Candid writing allows readers to see and feel the city for themselves without having to hear the dominating voice of a historian too often. The historian exercises humor and irony to paint the dismal state of Delhi’s architectural inheritance. Simpleton Delhiites are shown to be open about their wounds and proud of their prejudices towards each other. His taxi driver, landlord, Imams of purani-Dilli, Sarkari babus, aloof & regretful Anglo-Indians, barely surviving Naach communities, have all been presented in their peculiar misery or inner bounty, sometimes both. On the face of it, City of Djinns is an entertaining account of Dalrymple’s interactions with Delhi and its people that are no less eccentric than fictional characters.
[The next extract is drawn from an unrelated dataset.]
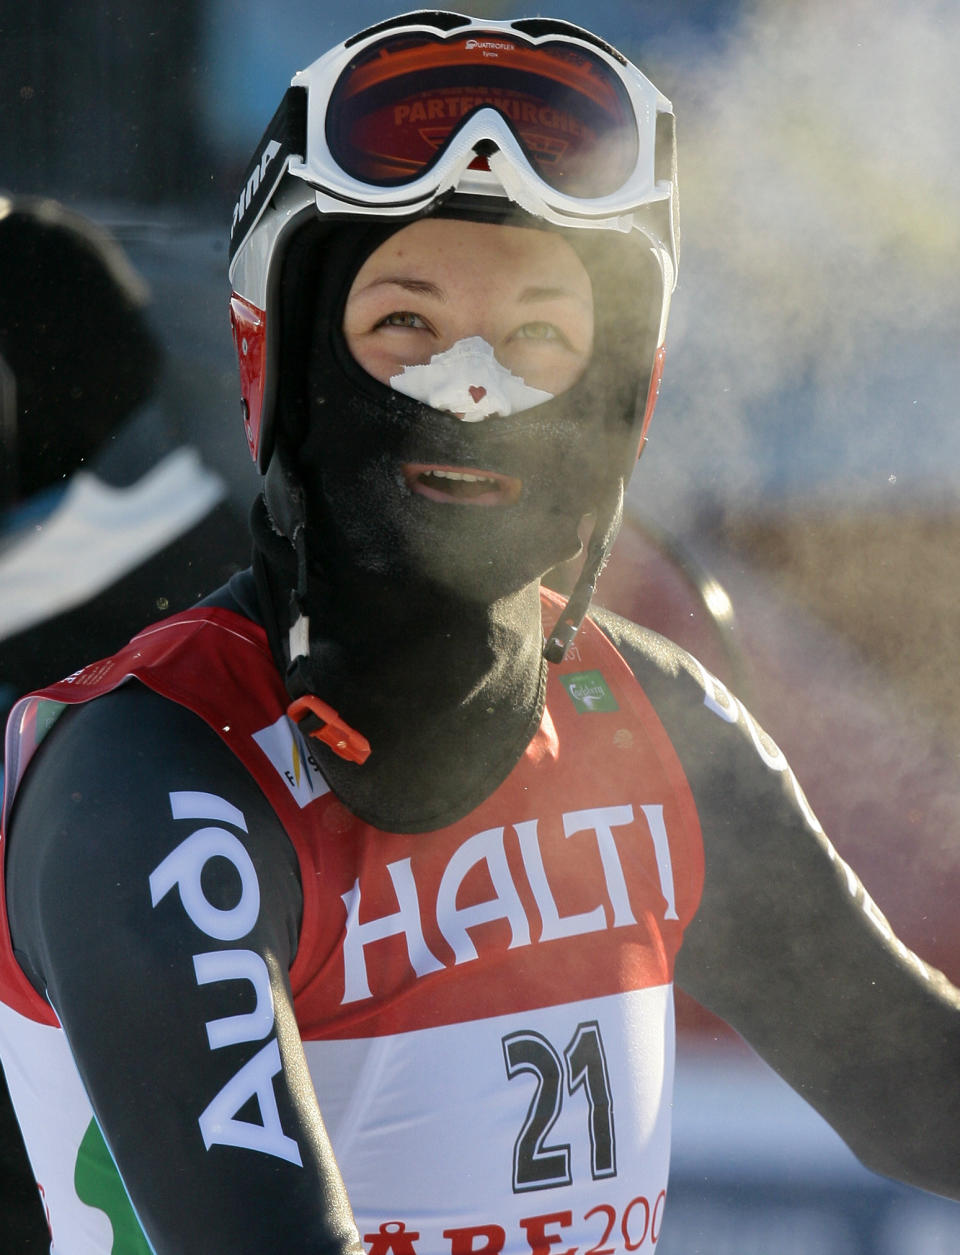 FILE - In this Feb. 9, 2007 file photo, Germany's Fanny Chmelar, wearing a face mask and tape to protect her face from the cold, looks at the scoreboard after completing the downhill portion of the Women's Combined, at the World Alpine Ski Championships in Are, Sweden. Even the world's top skiers can struggle to keep warm in extremely cold conditions, which will likely be a factor at the Alpine world championships opening in Are, Sweden, next week, from 5–17 February 2019. (AP Photo/Luca Bruno, file)

It is absolutely essentially the same feature that persuades me to ignore the standards of a typical book review and rather treat this piece as an artifice that makes City of Djinns more than just a historian’s travelogue. In the collective lack of a single protagonist, a plot, or simply an ambition, a reader can’t help but treat a book dwelled in the author’s expertise of treating and handling historical jewels, in its entirety.

Yet here I am, sharing a piece of my struggle to collect words, perspectives even my cluelessness to close yet another book that I deeply enjoyed.

If however, one reads it as a chronicle of the author’s counter-argument with the city’s history itself, I am at best a novice audience without tools or intelligence at her disposal to critique it on its academic or literary merit. As a travelogue, it is by far the most interesting one I have read since I can marginally see through the evidence, not that I can deconstruct it any better. Can an average random reader judge historical non-fiction by an eminent historian? That’s the first of few anxieties that cropped up in my mind while thinking about how best to review City of Djinns by William Dalrymple.